Project Proposal due by noon Tuesday March 26 via email to tpederse and patw0006. Please submit plain text, with no attachments.


To find a topic for your project, and do some background research on it.


You will complete an individual project that involves producing both a Perl implementation and a written report dealing with some interesting problem in Natural Language Processing. You may select your own topic. My only requirements are that it be in text processing and have been at least mentioned (if only in passing) in our textbook.

Please make sure you do not choose an overly broad topic. 'Part of Speech Tagging using a Trigram model and Good-Turing Smoothing' is an example of an interesting and well-focused project. 'A Program to Translate English Text into German' is potentially interesting but will take you several decades to properly complete. Make your project focused, but on the other hand it should not be trivial. Implementing a minimum-edit distance program like we did for one of our programming assignments is focused but fairly trivial relative to the amount of time we are allowing for project completion. Please check with me if you aren't sure if your topic is suitable or not.

By Tuesday March 26 you should have produced a project proposal. It should include the following: This does not need to be a lengthy document, but it should be well written and carefully thought-out. It will provide a road map for your project so the more you put into this the more smoothly your project will go. If I have significant concerns about your topic or some aspect of your proposal I will let you know by Monday April 1 and possibly request that you choose a new topic or provide additional details.

Policies (from syllabus)

All programming assignments and your project will be demonstrated during designated lab sessions. You should also submit an electronic copy of your source code to the TA prior to the designated demo session. (His email address is patw0006@d.umn.edu.) There is no other way to submit your programming assignments or project. Failure to submit AND demo on time will result in a zero.

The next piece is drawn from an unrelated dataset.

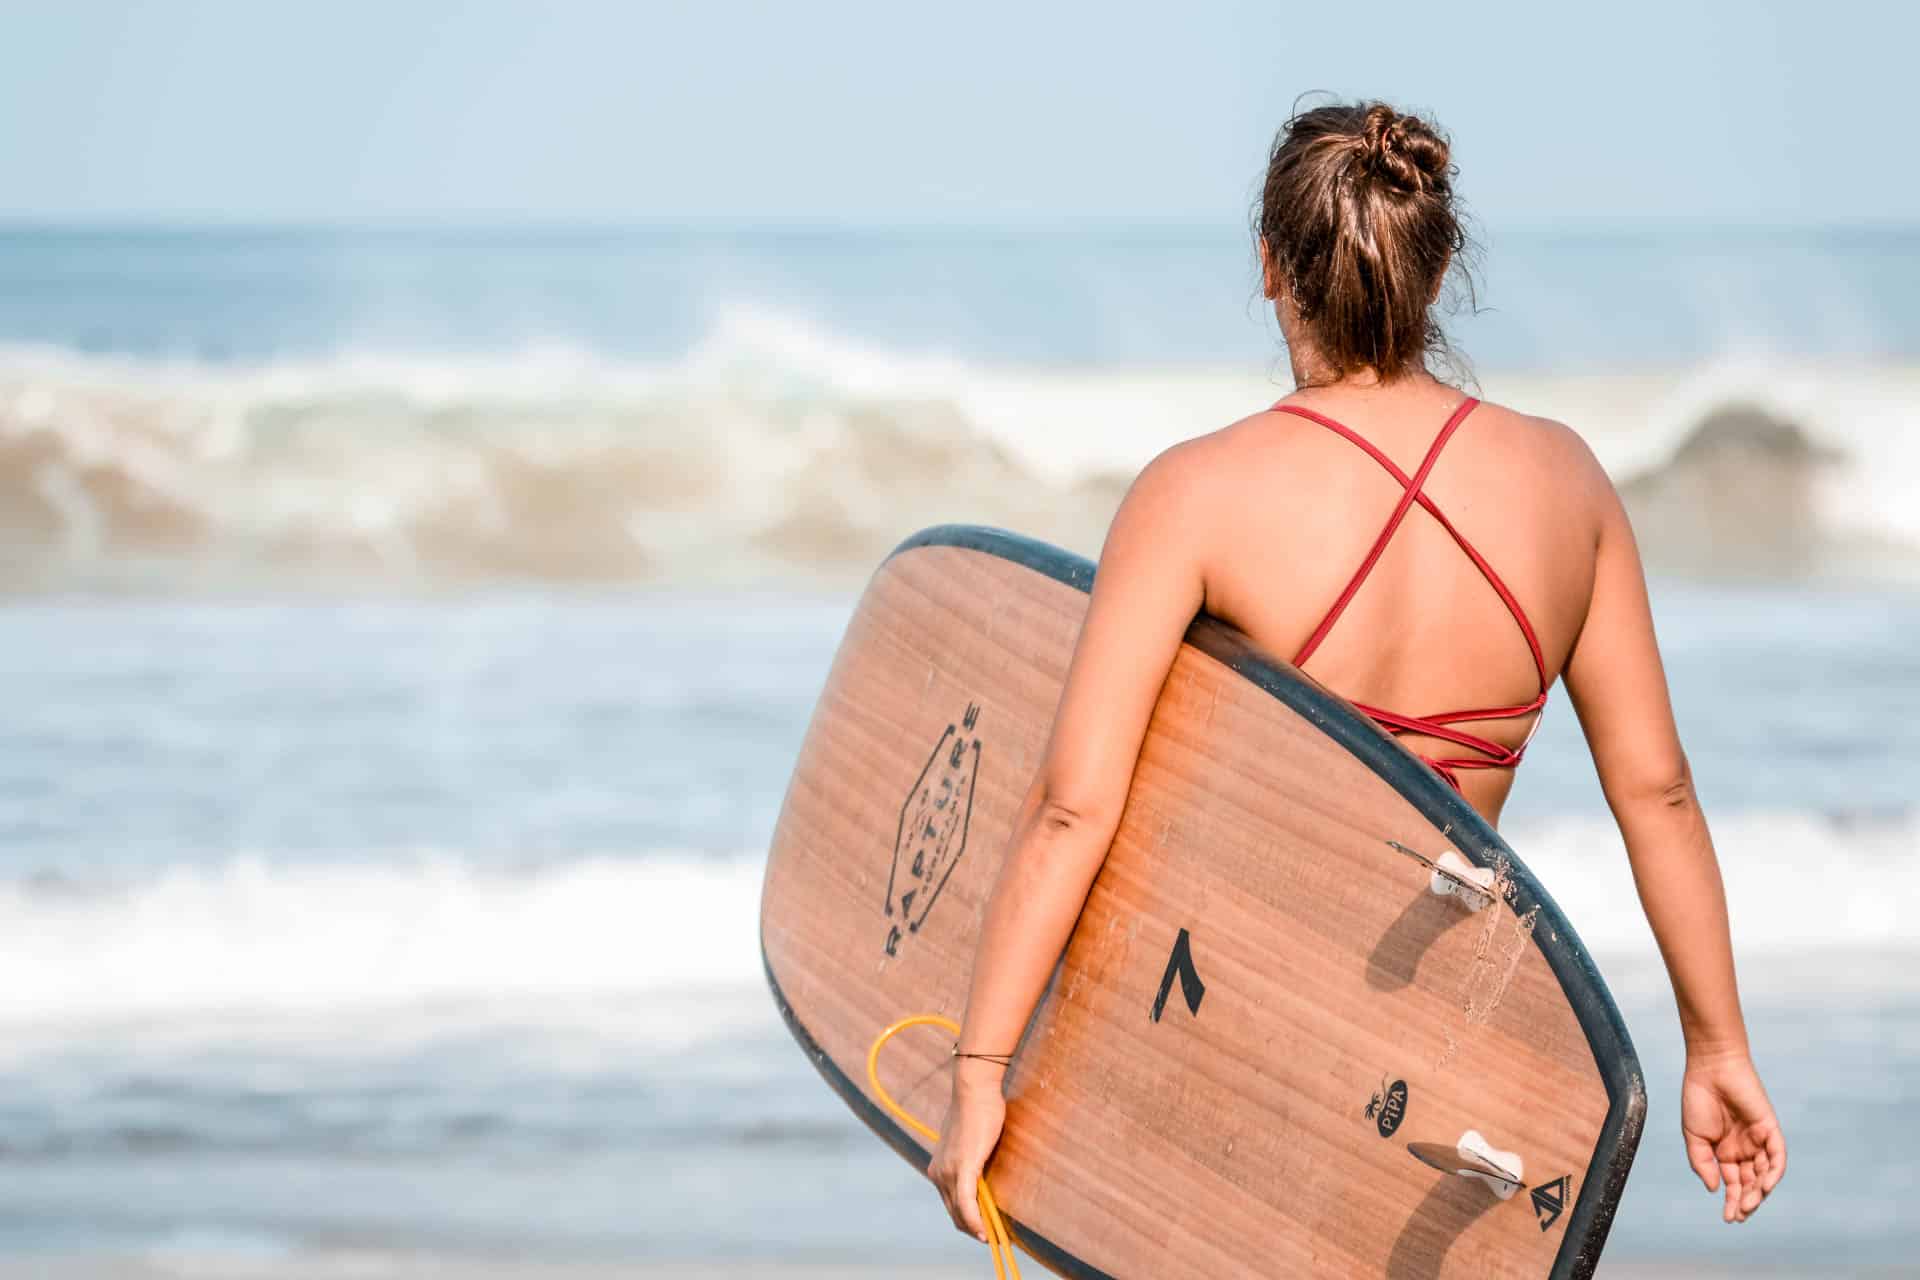 Jargon Watch: Surfer Slang And The Language Of The Waves

Any code you submit should be commented. I must be able to understand what your code does simply by reading the comments. This understanding should extend down to the details of your code. So do not simply describe the input and output, also include comments that describe your particular algorithm and coding techniques. Failure to comment to this degree will result in a zero.

All assignments and the project are to be done individually. You are required to write your own code. Unless otherwise specified, you must only turn in code that you personally wrote. The only possible exception to this is if I tell you to use a module that is available in a book or online archive. However, I will clearly indicate when this is permissible. Violations of this policy will result in severe grading penalties and/or failure in the class.